Concrètement, pour la première fois, la possibilité de confirmer de façon fluide son identité grâce à une technologie unique sera intégrée simultanément dans plusieurs services numériques de masse. Que ce soit pour s’inscrire sur une application de rencontres ou valider une transaction, l’utilisateur pourra prouver qu’il est bien lui-même en quelques secondes, sans recourir à des processus complexes ni fournir de documents papier. Cette tendance s’inscrit dans un nouveau cycle de confiance numérique, où l’identité devient un vecteur central de sécurité, mais aussi d’accessibilité.

Cependant, même dans ce contexte prometteur, la vigilance reste de mise. Car plus la vérification d’identité devient fluide, plus le risque d’intrusion dans la vie privée s’accroît si les garde-fous ne sont pas suffisamment solides. Ce n’est pas seulement la sécurité qui est en jeu, mais aussi la manière dont nos données les plus sensibles sont collectées, stockées, et utilisées.

Entre promesse d’innovation et opacité des usages

Microsoft et Meta avancent tous deux les mêmes justifications : amélioration de la sécurité, simplicité d’utilisation, perfectionnement de l’expérience utilisateur grâce à l’IA. Et de fait, il est indéniable que l’intelligence artificielle couplée à la biométrie permet des avancées spectaculaires. Qu’il s’agisse de protéger un compte contre une tentative de piratage ou de rendre une paire de lunettes capable d’identifier ce qui nous entoure en temps réel, la technologie accomplit des prouesses.

Mais ces prouesses ont un coût. Et ce coût, c’est celui de notre consentement, souvent implicite, rarement éclairé. Car dans la plupart des cas, les utilisateurs n’ont pas le choix. Pour créer un compte Microsoft, l’authentification biométrique devient la norme. Pour utiliser les lunettes Meta, il faut accepter des conditions de collecte de données particulièrement intrusives. Le « consentement » devient une case à cocher, plutôt qu’un acte réellement volontaire.

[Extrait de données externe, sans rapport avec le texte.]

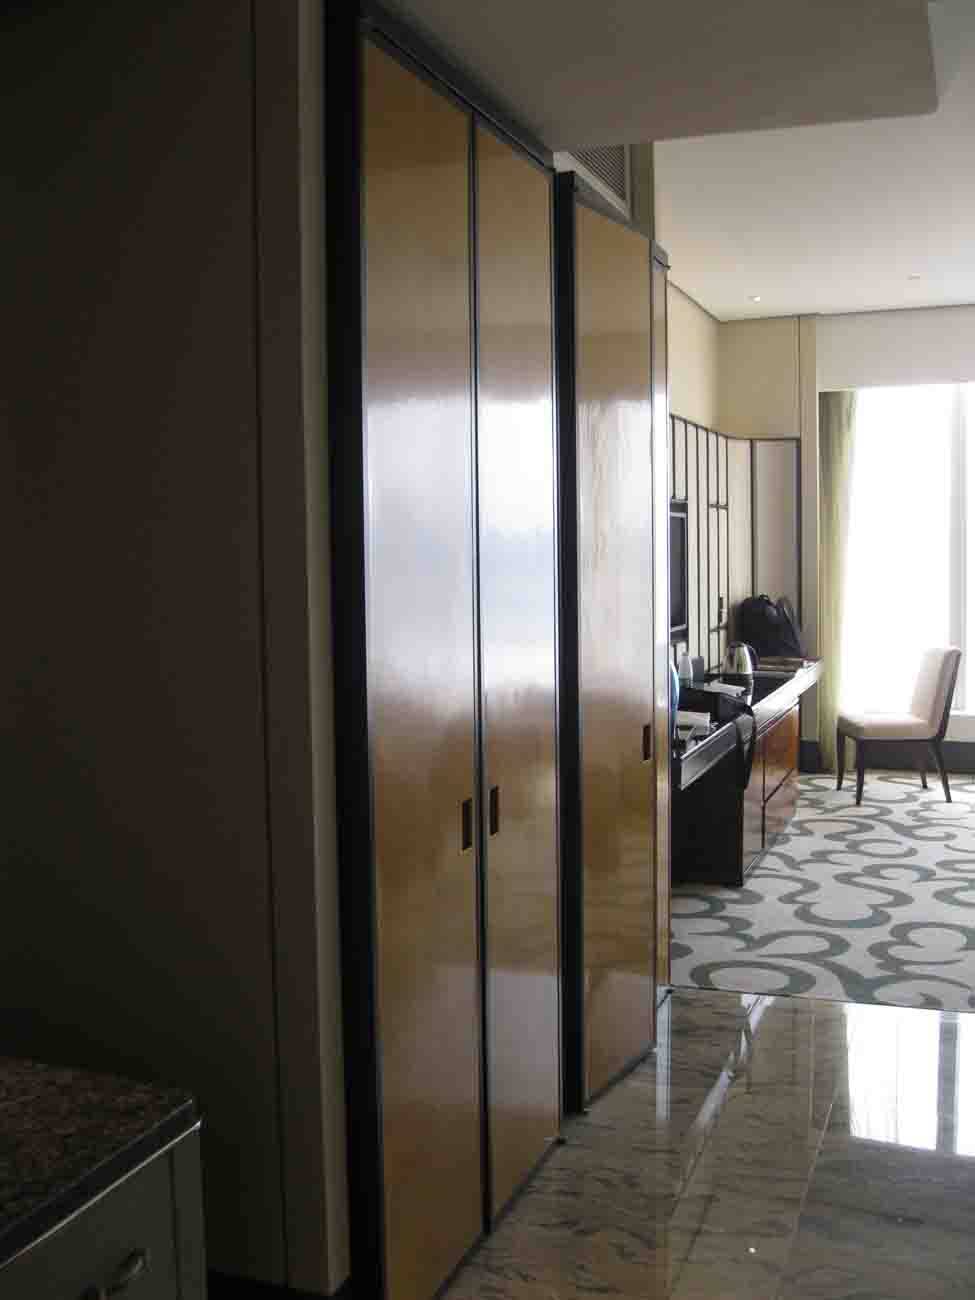 澳门美高梅酒店 MGM Macau Hotel_IMG_3021.jpg

En outre, ces entreprises s’exonèrent en grande partie de toute transparence. Les informations collectées, les usages exacts qui en sont faits, les durées de conservation ou les modalités de suppression sont rarement claires. Et lorsque les utilisateurs souhaitent s’y opposer, ils se heurtent à des processus fastidieux, techniques, voire impossibles à mettre en œuvre. Supprimer manuellement chaque enregistrement vocal depuis une application n’est pas à la portée de tous.

Vers un encadrement nécessaire de l’identité numérique

Ces évolutions ne sont pas isolées. Elles s’inscrivent dans une dynamique plus large où l’identité numérique devient un enjeu majeur du XXIe siècle. À mesure que nos vies se numérisent, les traces que nous laissons – biométriques, vocales, visuelles – deviennent des matières premières convoitées par les géants du numérique. Or, dans la plupart des pays, les législations peinent à suivre.

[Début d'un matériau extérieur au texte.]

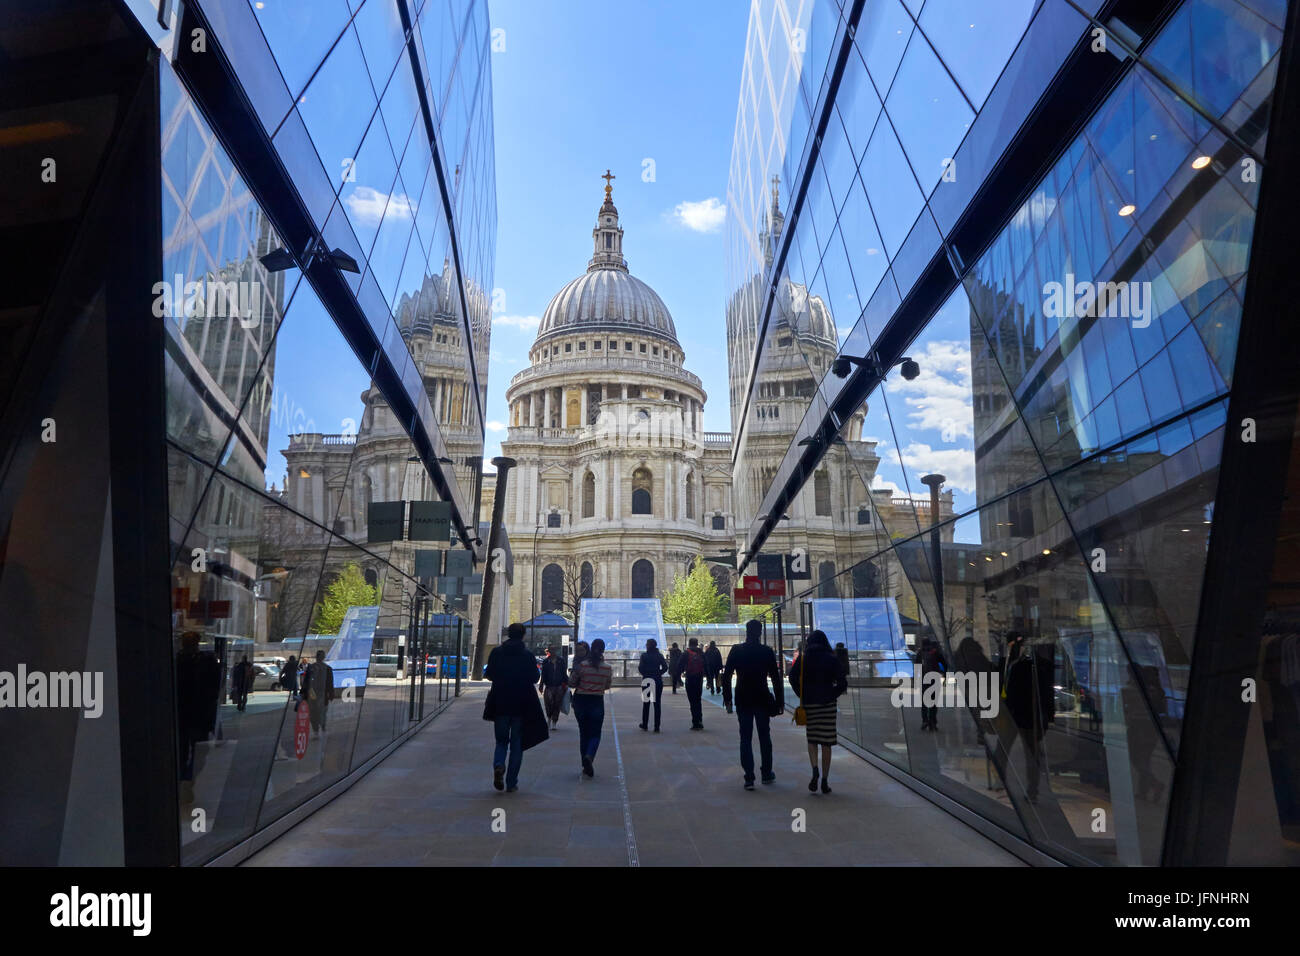 La Catedral de San Pablo, reflejada en un cambio nuevo centro comercial en la ciudad de Londres, Inglaterra, Reino Unido, España, Gran Bretaña, GB Foto de stock

L’Union européenne, avec le Règlement général sur la protection des données (RGPD), fait figure de pionnière en la matière. Elle impose des obligations de transparence, de sécurité et de consentement explicite. Mais même ce cadre est mis à l’épreuve par des technologies toujours plus invasives. Le débat autour de la régulation de l’intelligence artificielle, récemment relancé avec l’AI Act, montre bien que l’équilibre entre innovation et protection des libertés reste fragile.

En parallèle, les voix se multiplient pour appeler à une plus grande souveraineté numérique. Certains experts suggèrent la mise en place d’identifiants numériques gérés par des autorités indépendantes, ou de normes ouvertes permettant aux utilisateurs de mieux contrôler leurs données. D’autres appellent à interdire certaines pratiques, comme la reconnaissance faciale dans l’espace public ou la collecte non consentie d’enregistrements vocaux.

La vigilance comme seule défense… pour l’instant

En attendant une meilleure régulation, les utilisateurs n’ont d’autre choix que de redoubler de vigilance. Lire les conditions d’utilisation, comprendre les implications des technologies adoptées, vérifier les paramètres de confidentialité, limiter les usages de l’IA embarquée… autant de gestes essentiels, mais insuffisants face à la puissance des plateformes.

Car dans cette nouvelle ère numérique, ce n’est plus seulement notre navigation sur Internet qui est tracée. Ce sont nos voix, nos visages, nos gestes, nos environnements – bref, notre vie entière – qui sont capturés, analysés, exploités. Sans cadre clair, sans limites précises, cette collecte permanente pourrait devenir la norme.

Et si demain, notre propre corps devenait le dernier mot de passe à voler ?

BrutePrint : une faille expose les smartphones Android à des attaques par force brute des empreintes digitales

Des chercheurs de l’Université du Zhejiang et de Tencent Labs ont découvert un nouveau vecteur d’attaque baptisé BrutePrint. Il exploite la faiblesse des mécanismes de sécurité des empreintes digitales sur les smartphones Android.

Cette vulnérabilité permet à un attaquant de mener des tentatives d’authentification par force brute afin de prendre le contrôle d’un appareil mobile. En exploitant les vulnérabilités Cancel-After-Match-Fail (CAMF) et Match-After-Lock (MAL), les chercheurs ont pu contourner les limites de tentatives d’authentification infructueuses imposées par les smartphones Android modernes.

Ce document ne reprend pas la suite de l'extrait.